Ayrıca, iktidardaki hakimiyetini sıkılaştırdığı ve eşi görülmemiş bir üçüncü dönemi güvence altına aldığından beri Başkan Xi Jinping ile ilk görüşen kişi oldu.
Şansölye, Berlin, Paris, Brüksel ve daha uzaktaki yoğun incelemelerin ortasında, Politico’da başyazılar yazdı ve Alman Frankfurter Allgemeine Zeitung gazetesi de gitme kararını savunuyor.
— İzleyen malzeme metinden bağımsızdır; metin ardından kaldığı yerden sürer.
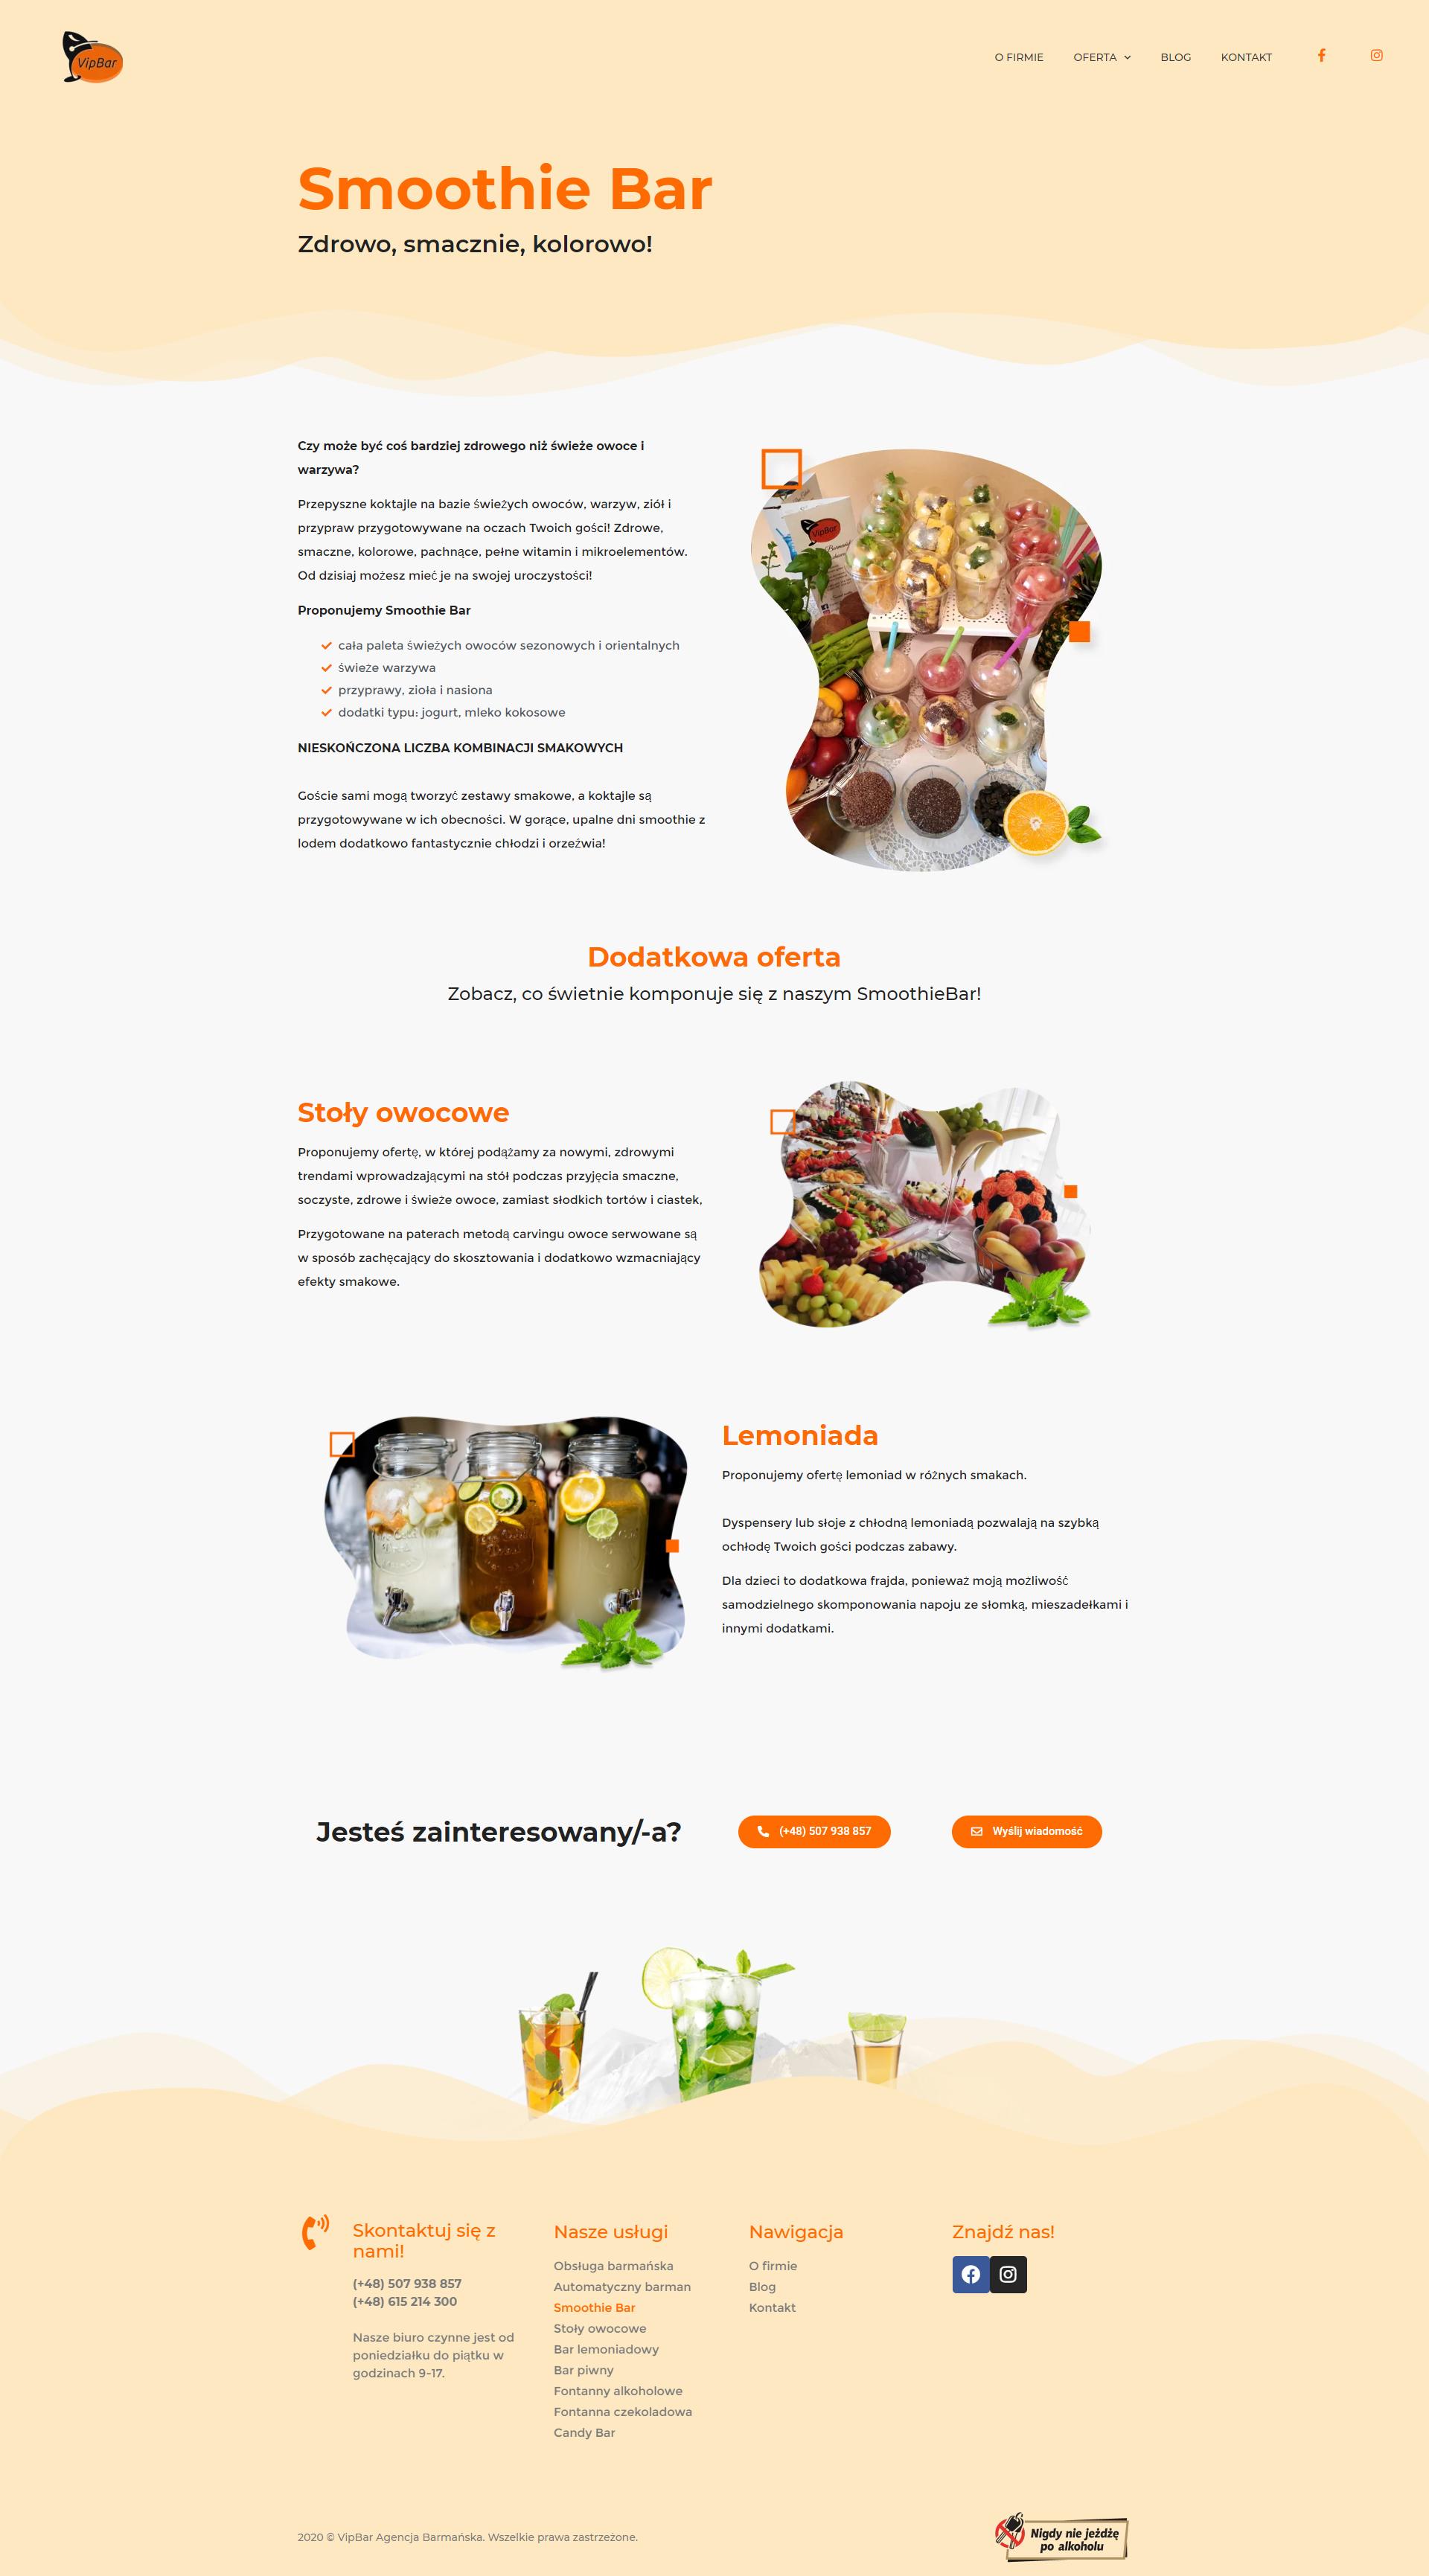 wizualizacja strony internetowej

“Çin, Almanya ve Avrupa için önemli bir iş ve ticaret ortağı olmaya devam ediyor – ondan ayrılmak istemiyoruz. Peki Çin ne istiyor?” Politico’da, hükümetin “riskli bağımlılıkları” azaltması gerektiği anlamına gelen ekonomik gerçeklerin yanı sıra “zor konuları” tartışmayı taahhüt ederken soruyor.
Çin, Almanya’nın en büyük ticaret ortağı, bu nedenle ekonomik açıdan Cuma günkü toplantı anlaşılabilir, ancak eleştirmenler, ülkenin daha önce Rusya’ya olduğu gibi başka bir otoriter güce çok fazla bağımlı hale gelmesi durumunda geçmişteki hataların tekrarlanabileceğinden korkuyor.
“Almanya hala ekonomik olarak Çin’e aşırı derecede bağımlı, bu yüzden sessizliğe zorlanabilirler.“ uyarır Wenzel Michalski, İnsan Hakları İzleme Örgütü Almanya Direktörü.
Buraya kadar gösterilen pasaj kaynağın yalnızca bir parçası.